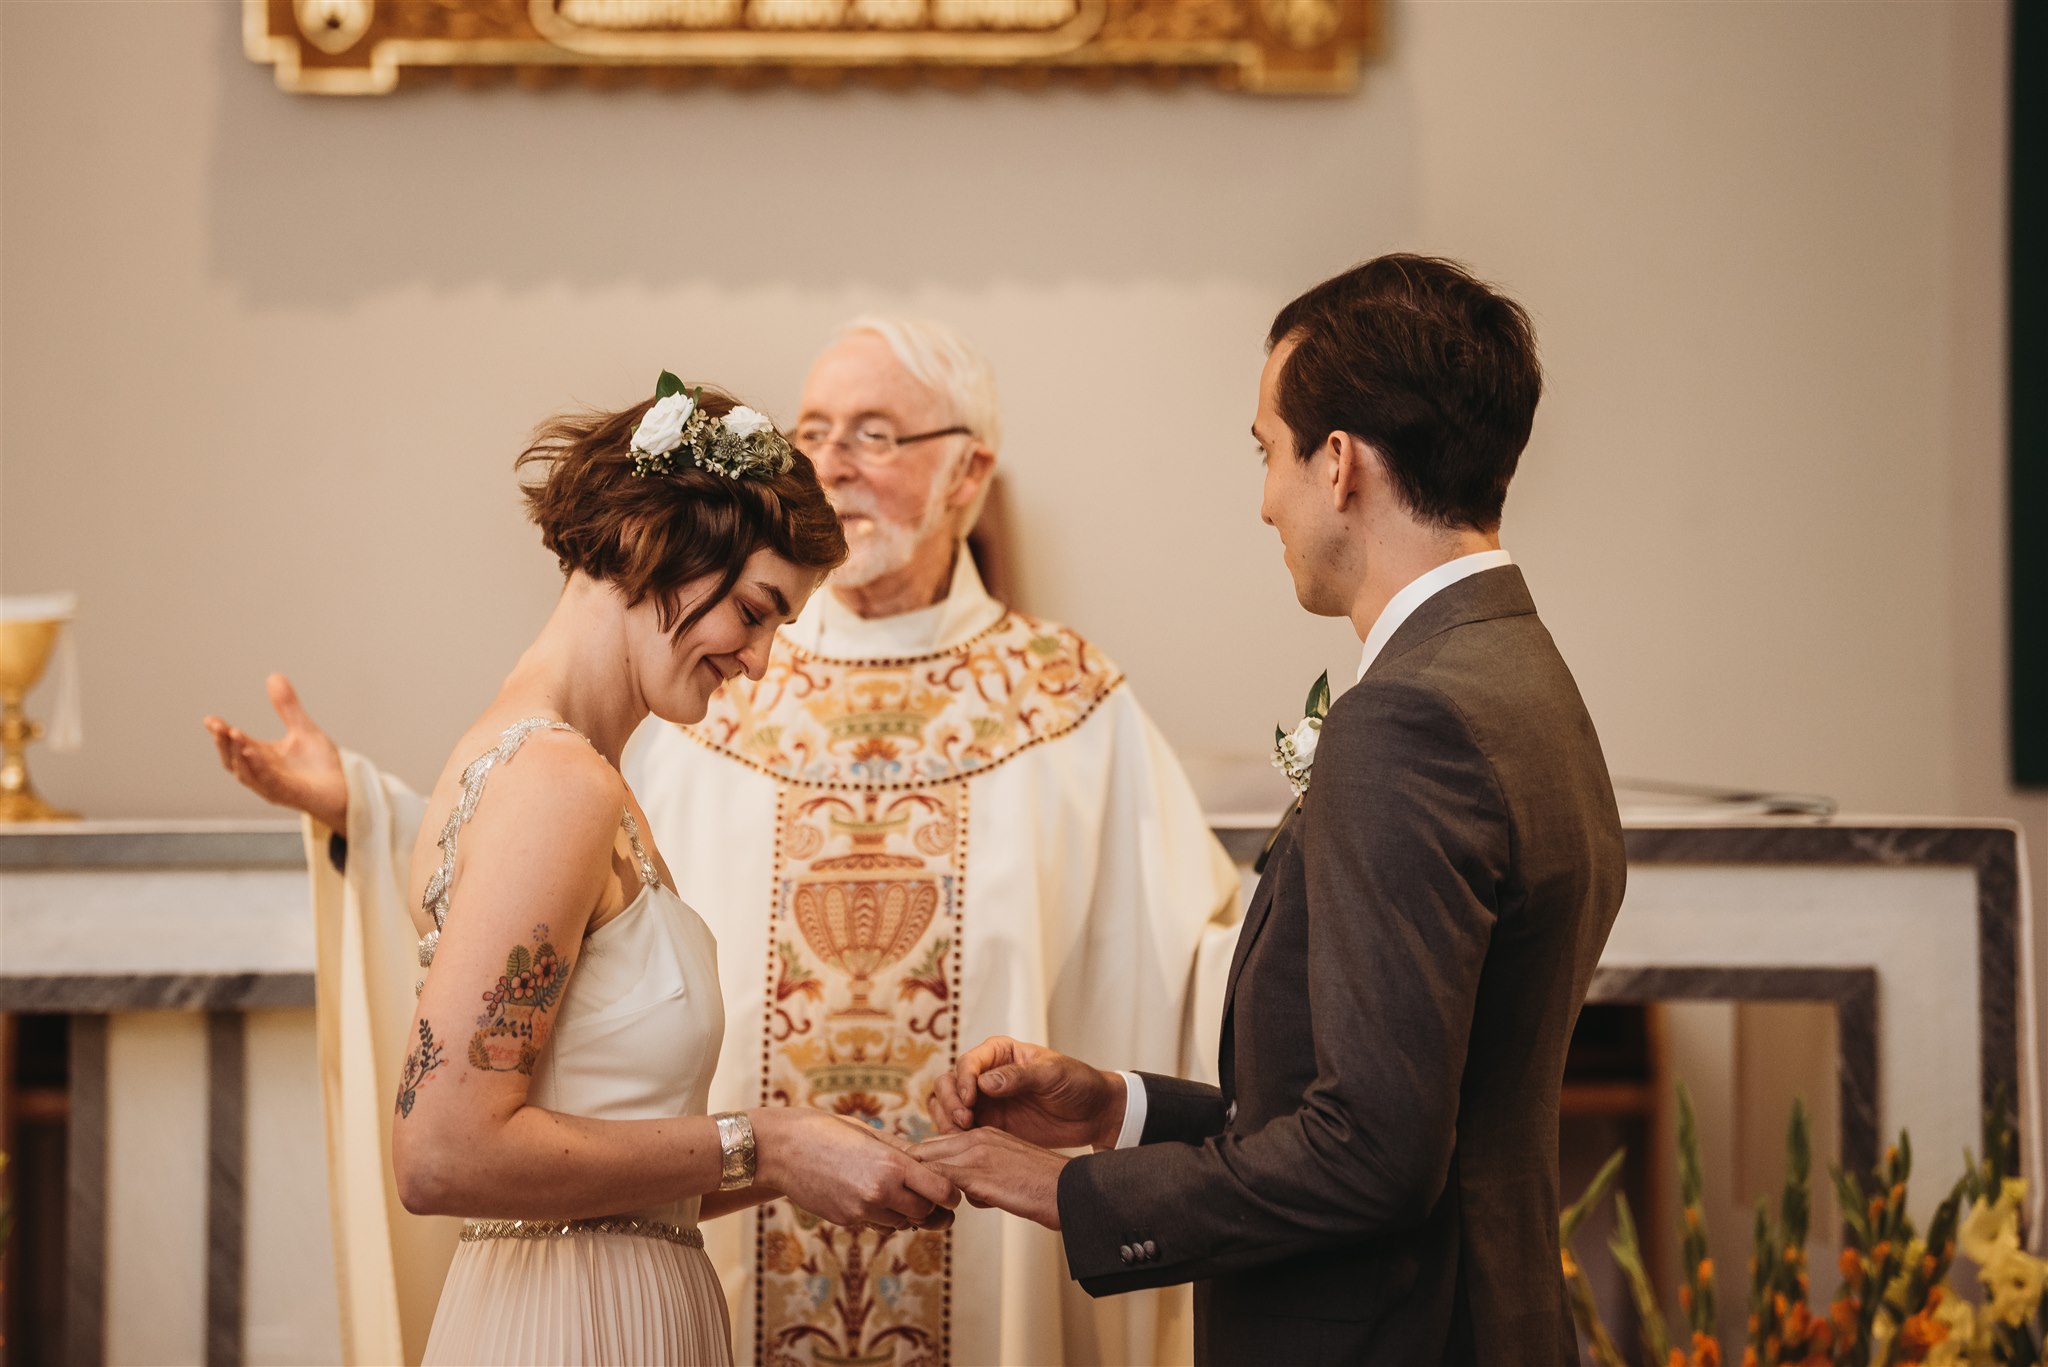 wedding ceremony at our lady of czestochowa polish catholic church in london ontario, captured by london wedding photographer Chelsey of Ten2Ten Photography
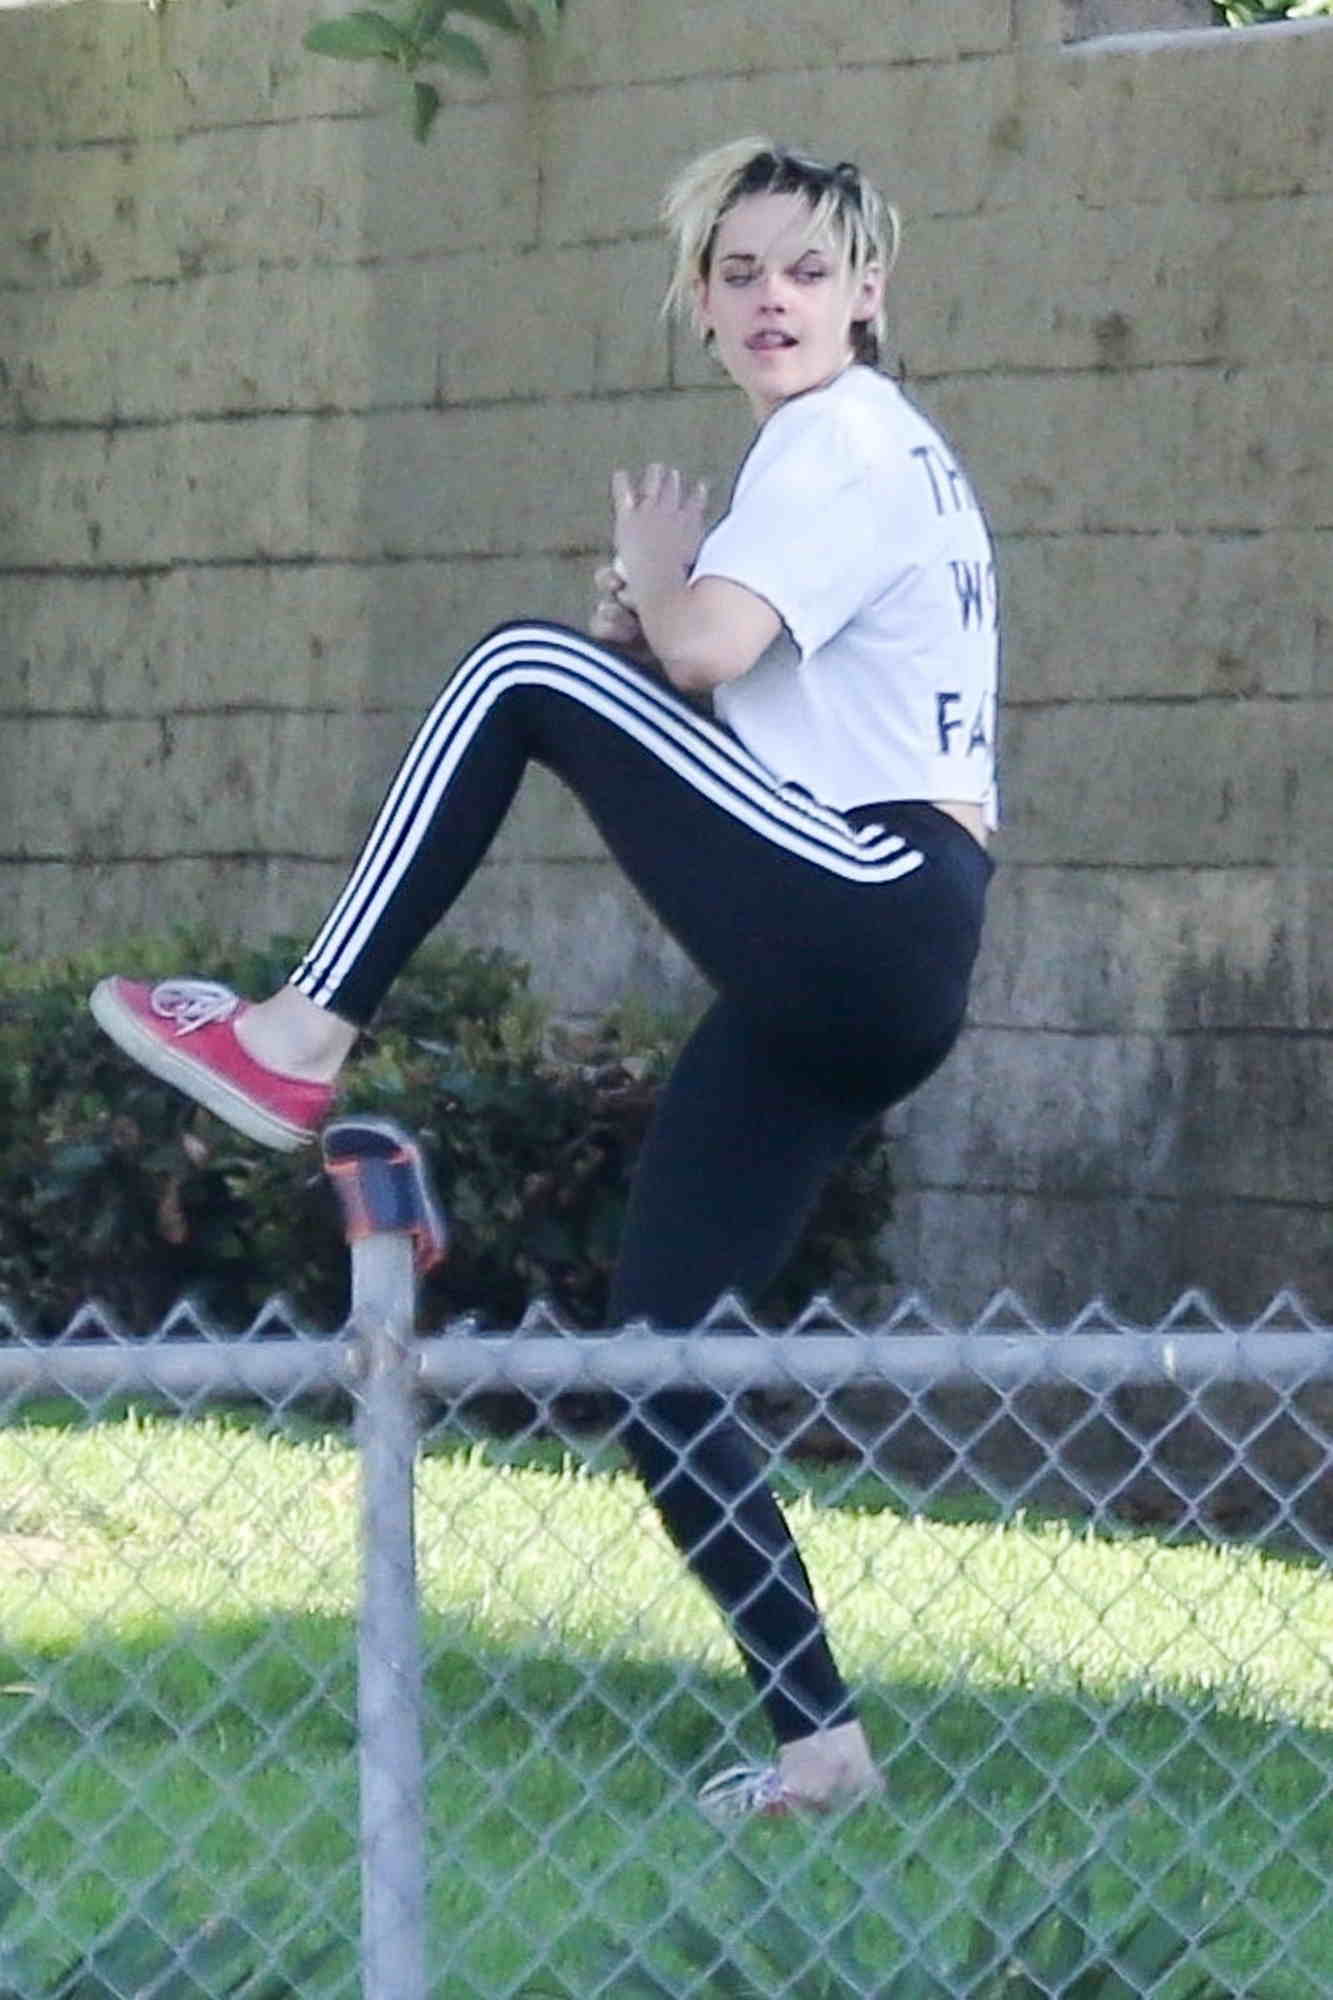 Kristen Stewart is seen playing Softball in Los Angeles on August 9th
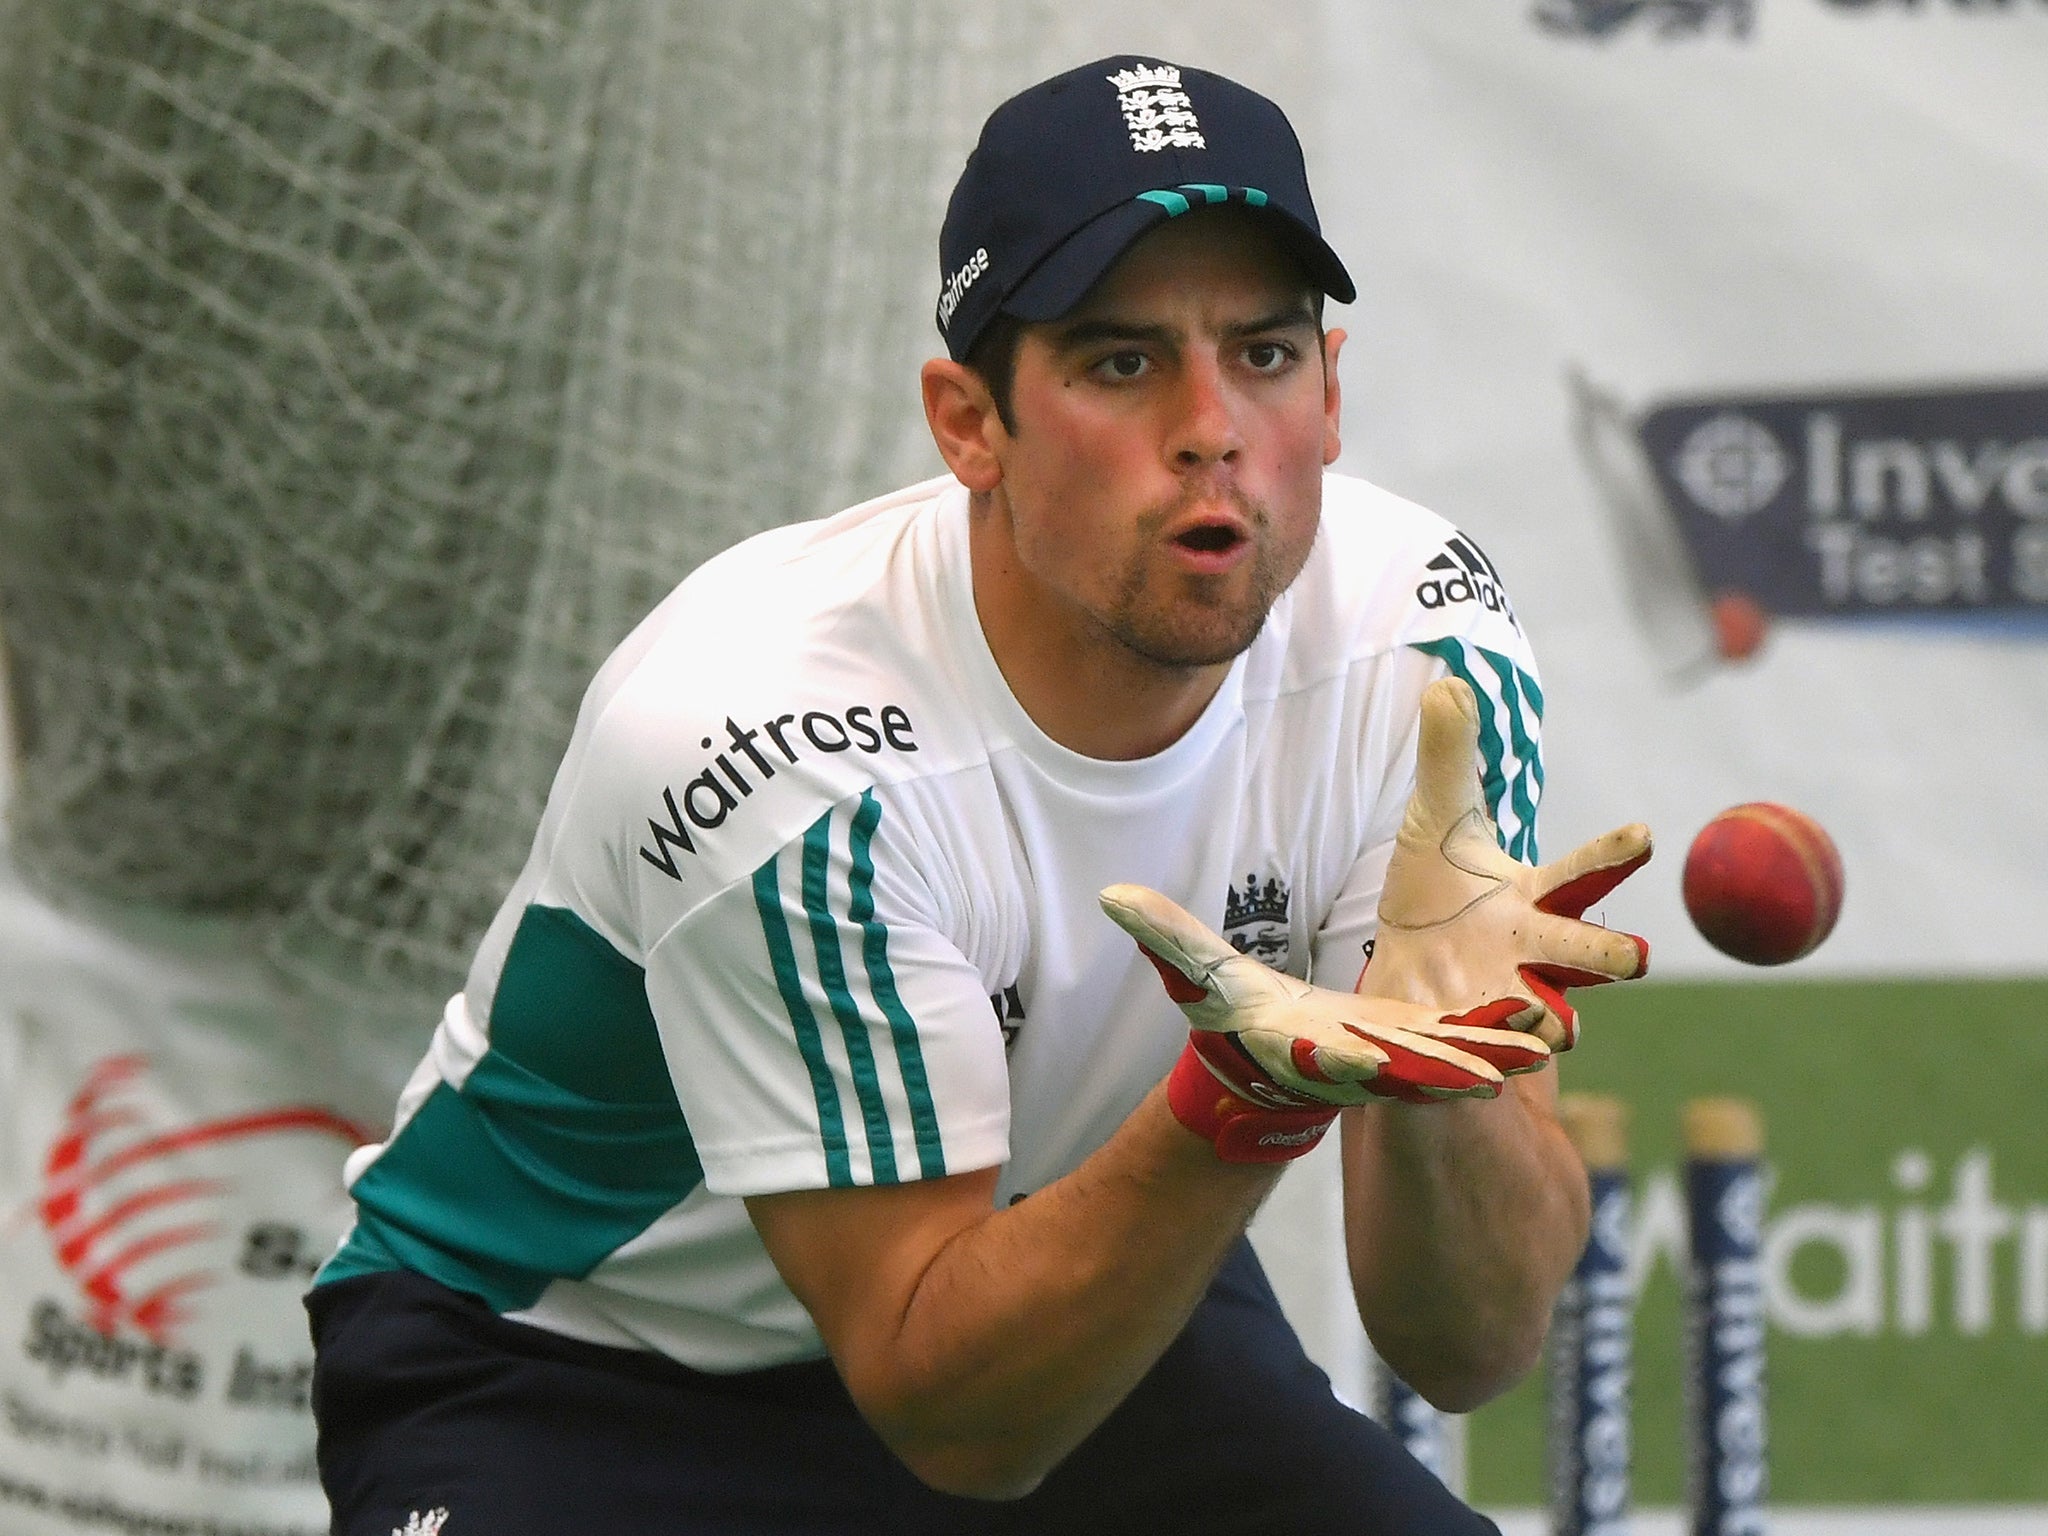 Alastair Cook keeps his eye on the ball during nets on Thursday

• _WHAT IS EXPECTED_: Leave the pictures aside and print exactly, and only, the lines from the one with "Kristen Stewart is" through the end of the data, both included.

• _WRITTEN ANSWER_:
 Kristen Stewart is seen playing Softball in Los Angeles on August 9th
 Alastair Cook keeps his eye on the ball during nets on Thursday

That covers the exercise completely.